ArcGIS Pro

The R-ArcGIS Bridge at the 2021 Esri Developer Summit Plenary

The R-ArcGIS Bridge is the R integration for ArcGIS Pro that opens up ways for enriching GIS workflows with rich statistical analysis packages of the R language. arcgisbinding, the R package developed by the R-ArcGIS Bridge team, has new enhancements that we are excited to share at the 2021 Esri Developer Summit. In addition to our tech workshop on leveraging the R-ArcGIS Bridge, we will be showcasing the new features of arcgisbinding at the plenary.

Technology Highlights

  1. Working with R notebooks alongside ArcGIS Pro
  2. Creating interactive maps in R notebooks
  3. Calling geoprocessing tools from R

Problem Definition

Ecoregions are geographic regions of ecological systems based on vegetation, climate conditions, and land cover.

In Part 1 of this blog series, we learned about the famous Bailey’s Ecoregions map.  This map is an expert-driven interpretation of the geography of US ecoregions, which was hand-drawn by US Forest Service researchers in 1994.

Bailey’s Ecoregions are hierarchical in their size. The largest regions are domains and they group spatial units with respect to their similarities in precipitation and temperature. Divisions are subgroups inside domains and are defined with respect to similarities in precipitation and temperature levels and patterns. Lastly, divisions are made up of provinces, which are differentiated based on vegetation and other natural land cover similarities.

Ecoregion provinces defined by Bailey are given in the map below:

Bailey's ecoregion provinces for the conterminous United States

Using datasets representing climate and vegetation conditions from the same period of the 1990s, we applied a series of regionalization (clustering) algorithms in ArcGIS and R to create several data-driven interpretations of these US ecoregions.

Working with R Notebooks Alongside ArcGIS Pro

We will use R notebooks inside an ArcGIS Pro Conda environment. The Conda package r-arcgis-essentials will be used to set up this computational environment. If you would like to learn the detailed steps of setting up an R notebook environment to run alongside ArcGIS Pro, please visit this blog.

Once the r-arcgis-essentials package is installed, it enables R notebooks, the R-ArcGIS Bridge, and commonly used spatial R packages, such as sf, sp, and raster.

With our Conda environment correctly configured to power an R notebook, we can bring in the Bailey’s Ecoregions as a spatial R data frame for visualization and analysis.

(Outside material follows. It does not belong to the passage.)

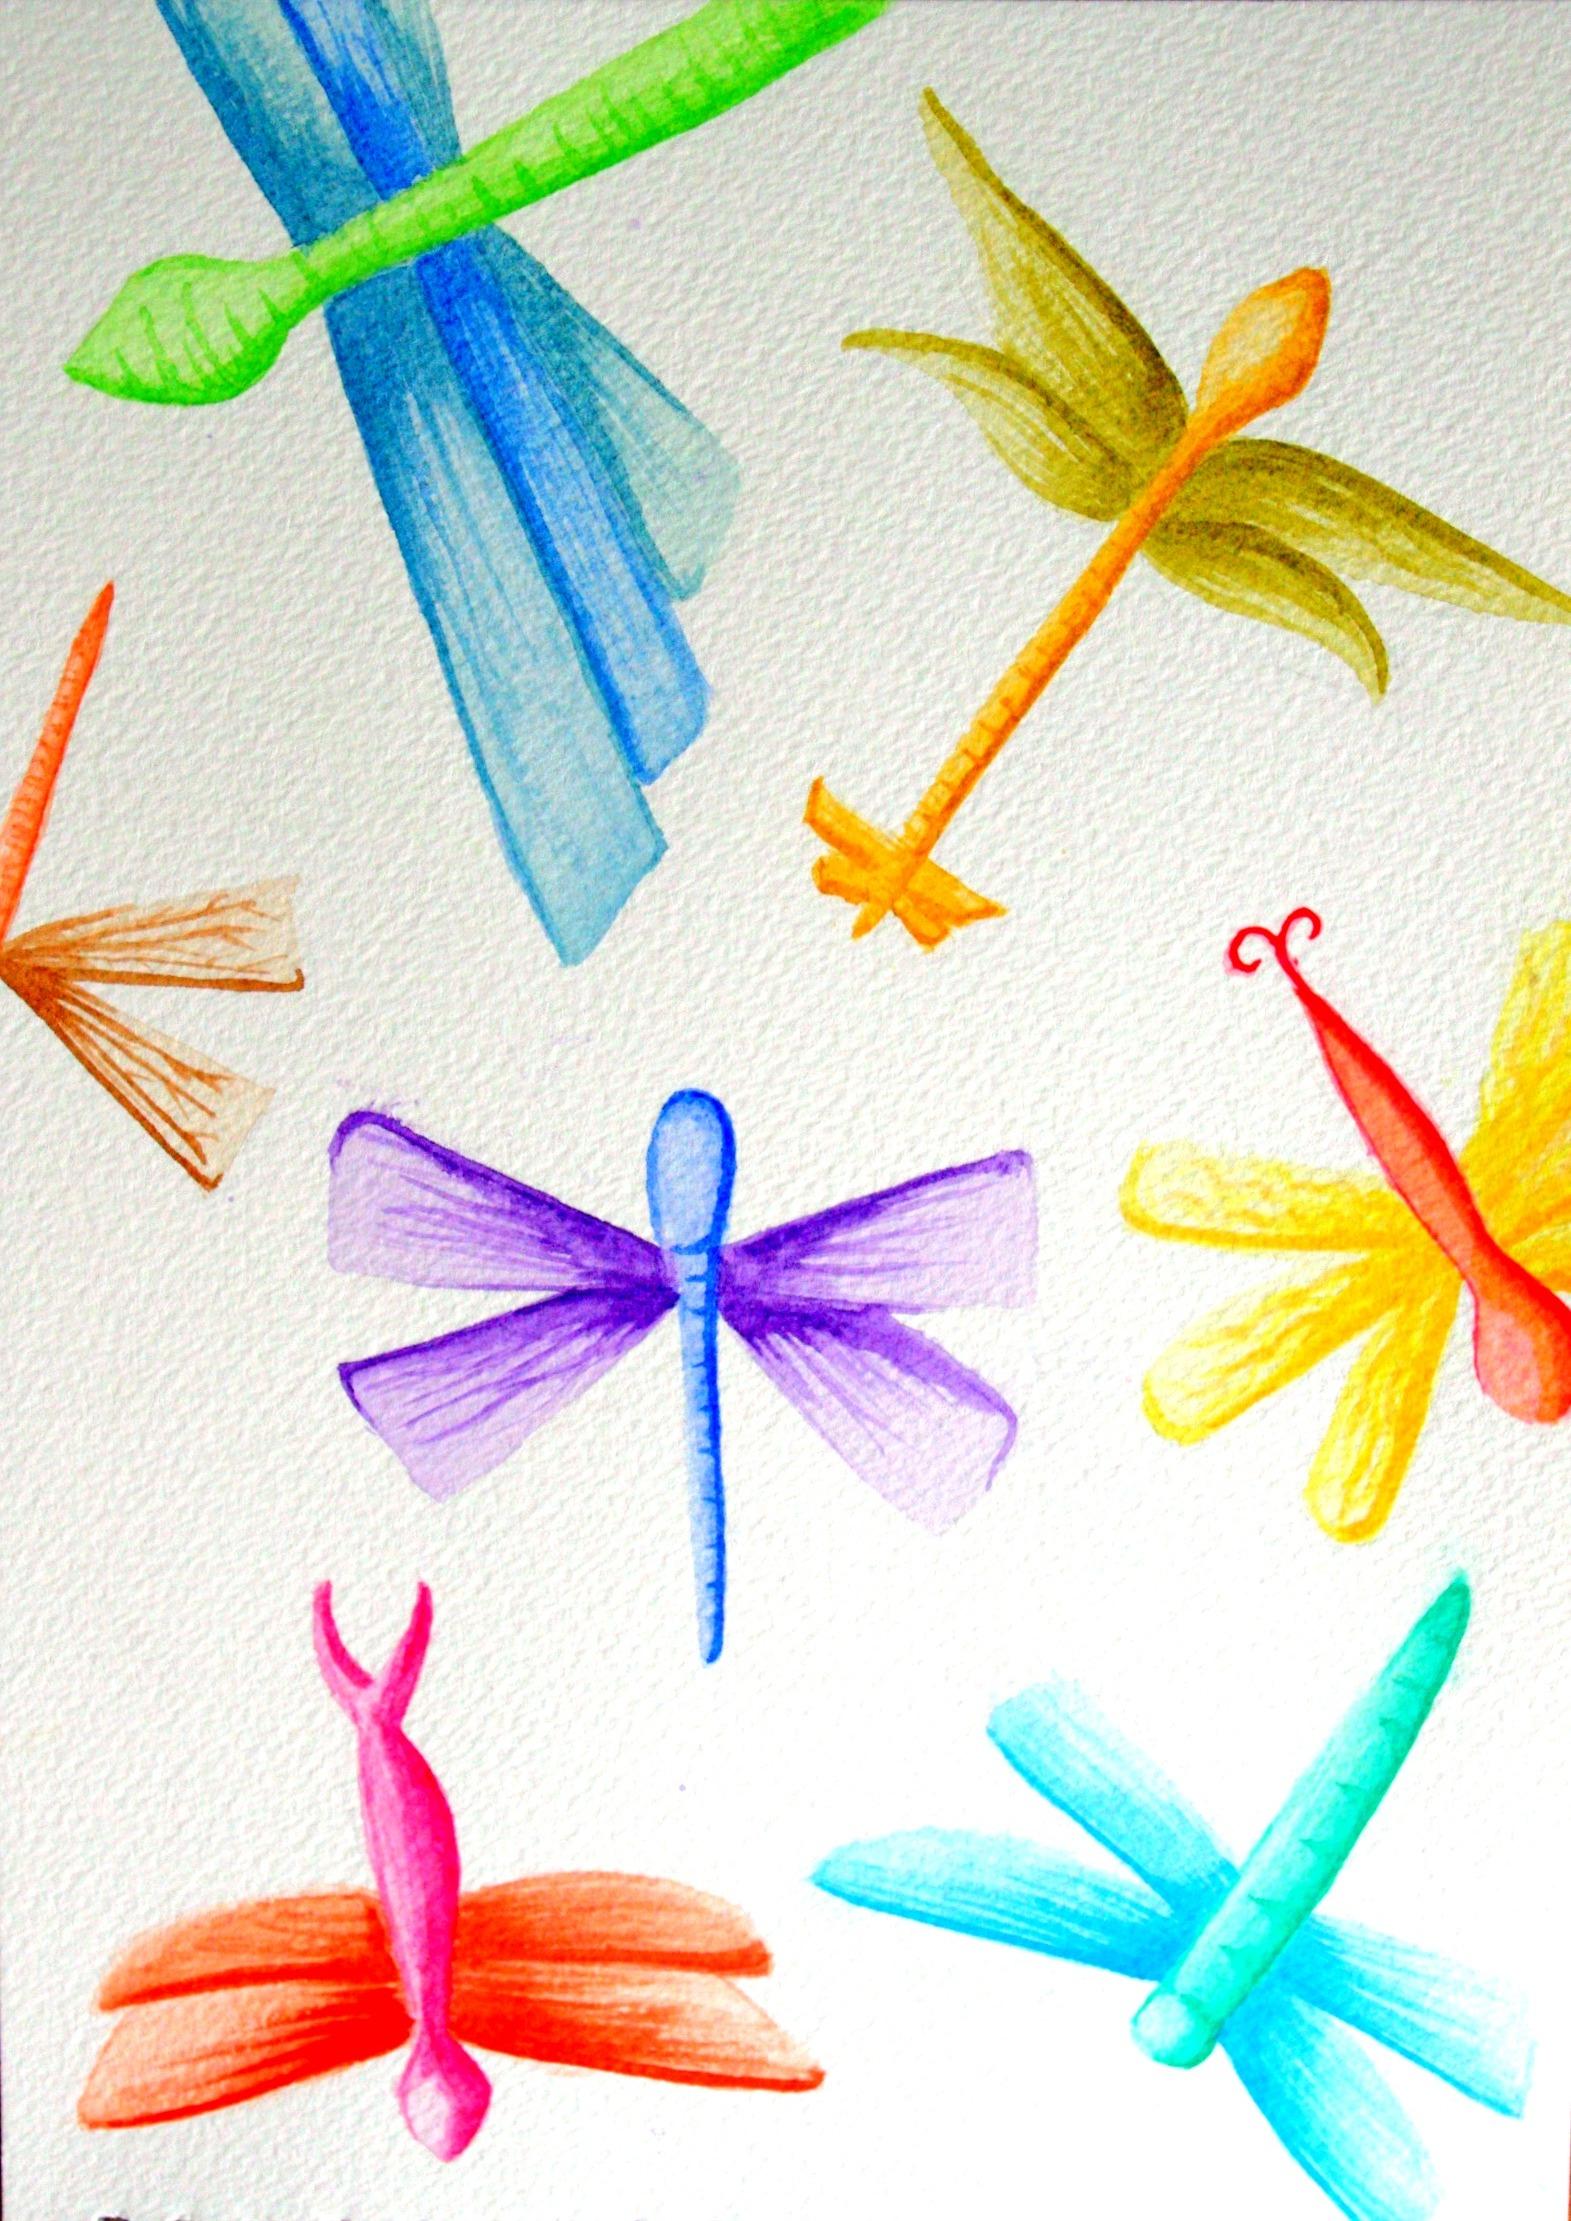 dragonfly wallpaper by oxlunaxo customization wallpaper fantasy 2011 1571x2221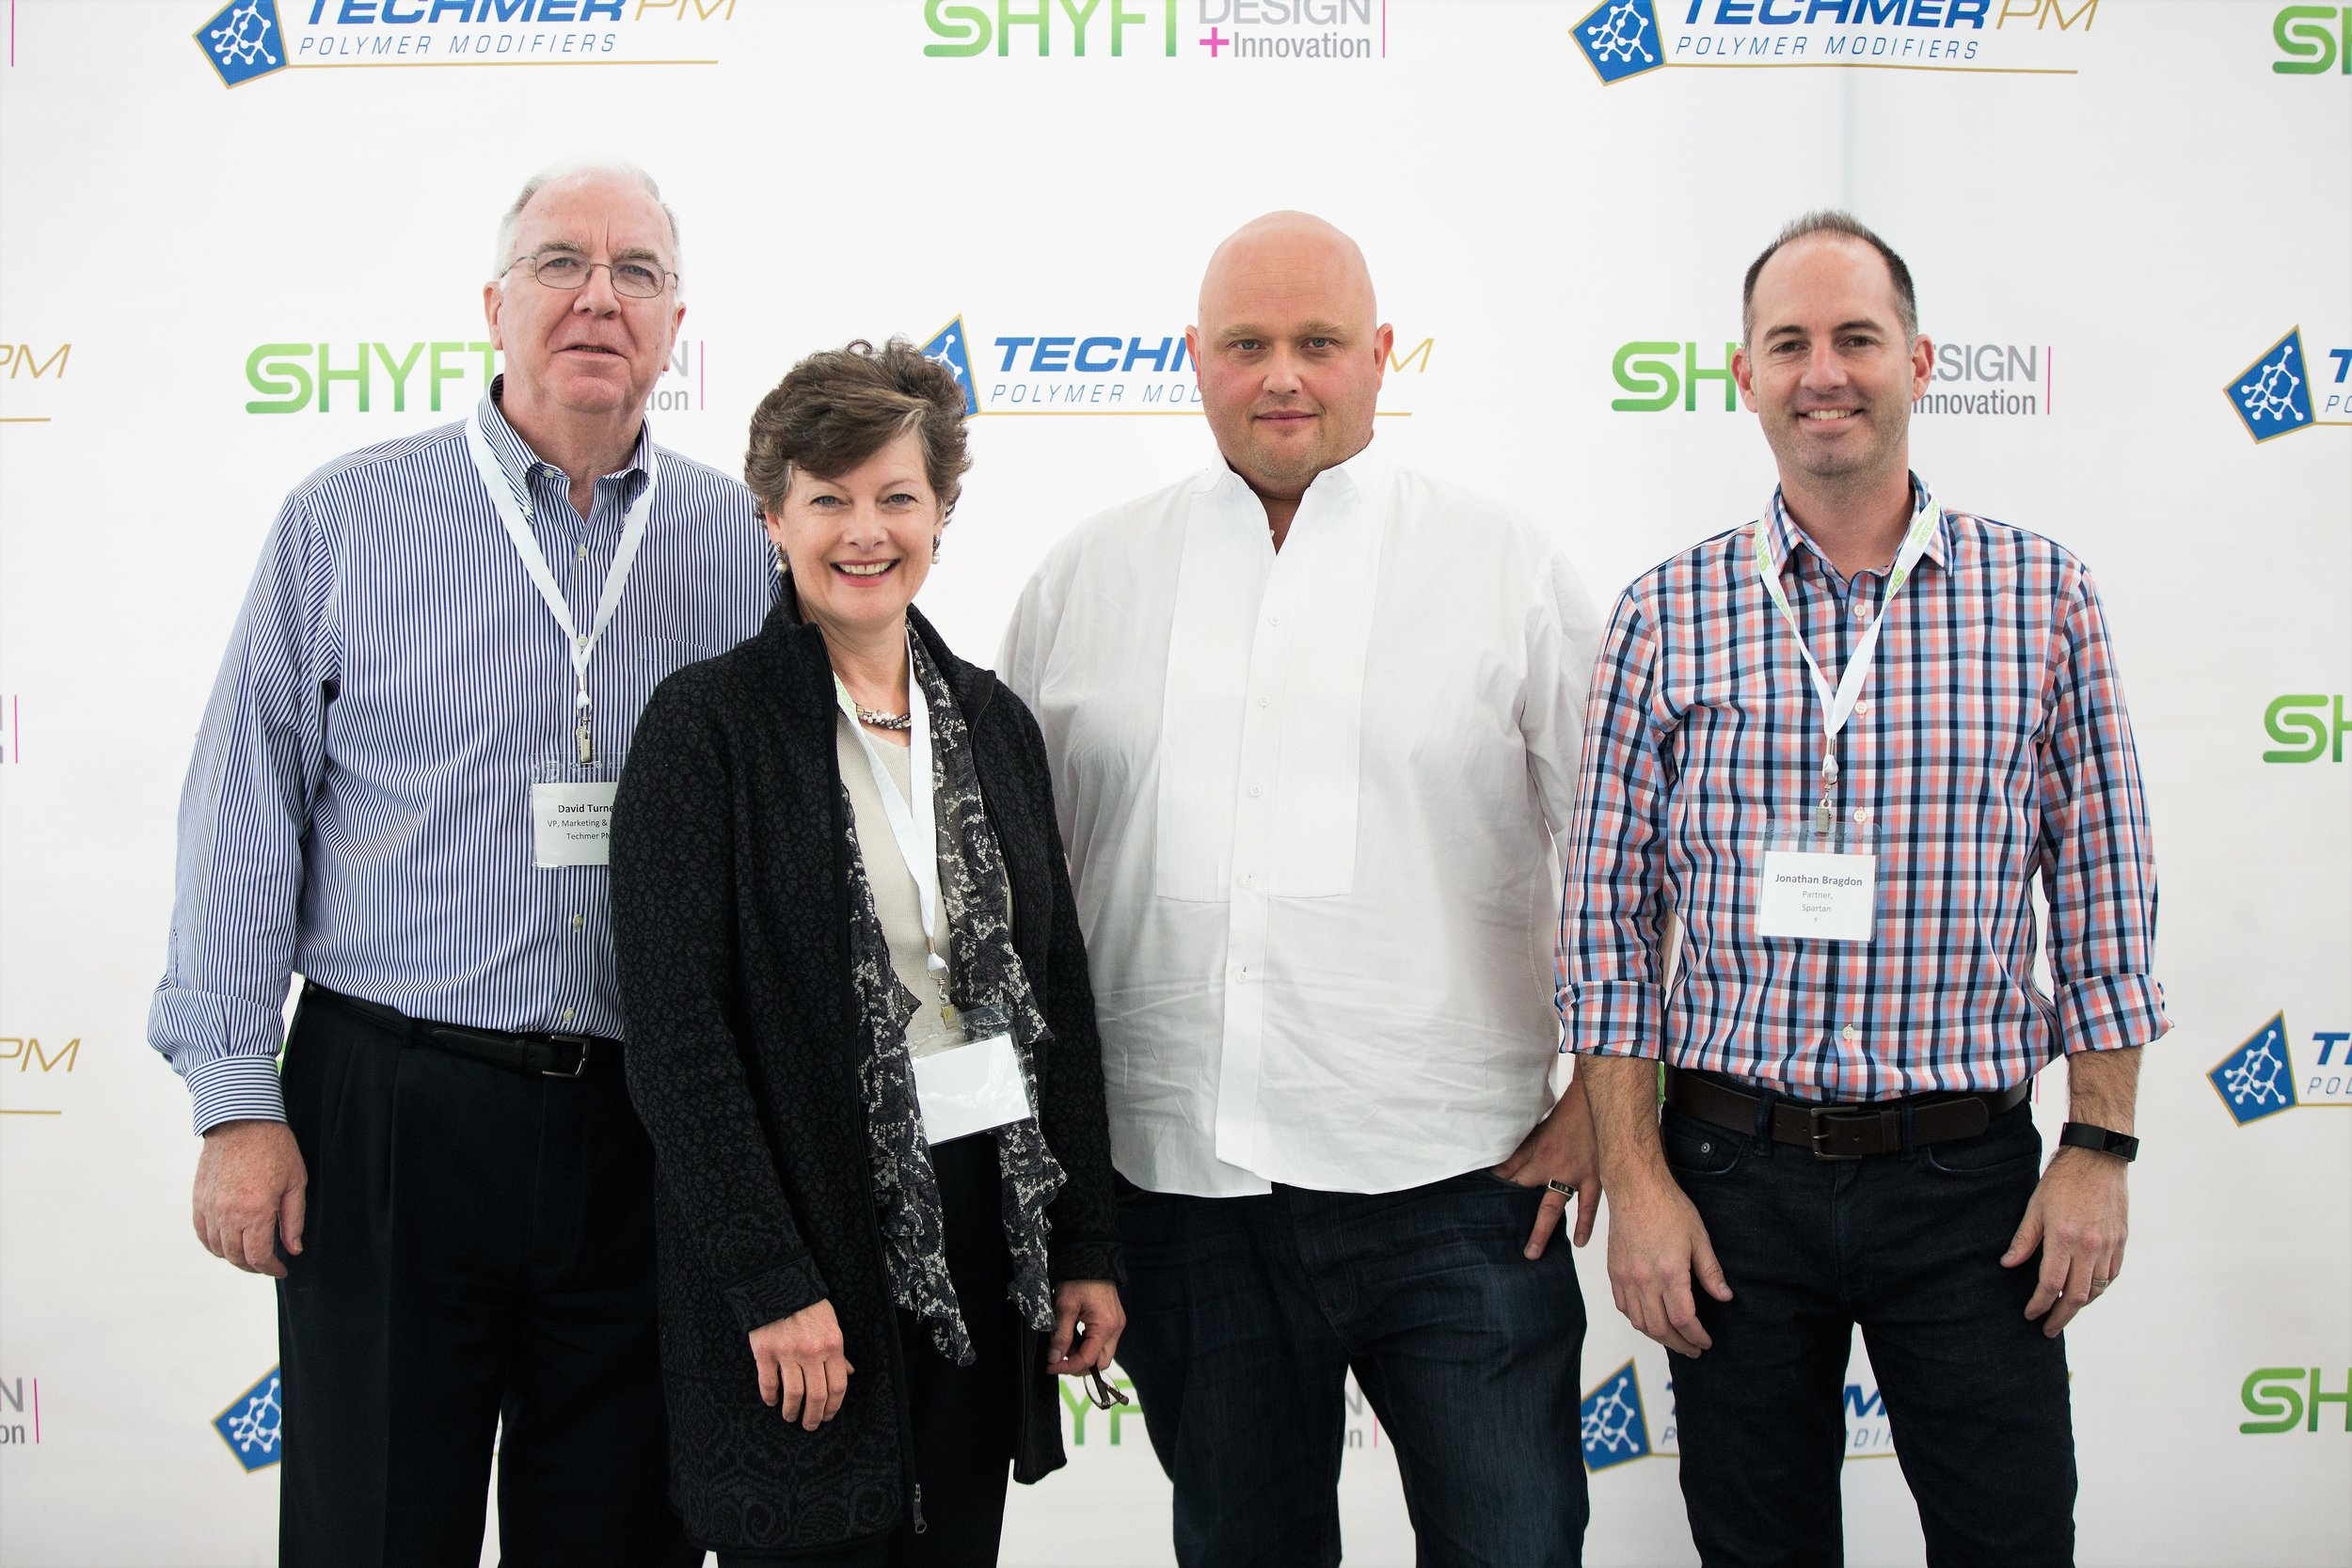 David Turner, Jenny Whitener, and Marc Shillum

Working with Cloud-Based Data Sources

Feature services and image services can be directly read in as spatial R data frames using the R-ArcGIS Bridge.  A detailed explanation about accessing remote data sources in R can be found in this blog. The Bailey’s Ecoregions feature service will be directly brought in as follows:

base_ecoregion_url <- 'https://services3.arcgis.com/oZfKvdlWHN1MwS48/arcgis/rest/services/Ecoregions/FeatureServer/0'
base_ecoregion_obj <- arc.open(base_ecoregion_url)

Using the R-ArcGIS Bridge’s conversion functions, the arc type data frame can be converted to commonly used spatial R data types such as sf or sp using arc.data2sf or arc.data2sp, respectively.

The Bailey’s Ecoregions dataset can be easily interactively mapped using the R-ArcGIS Bridge’s integration with esri-leaflet. The script below is used to create an interactive map of Bailey’s Ecoregions:

1. First, data is converted to an sf object (the original arc object can also be used, however the current version of leaflet requires the WGS84 projection):

base_ecoregion_arc <- arc.select(base_ecoregion_obj)
base_ecoregion_sf <- arc.data2sf(base_ecoregion_arc)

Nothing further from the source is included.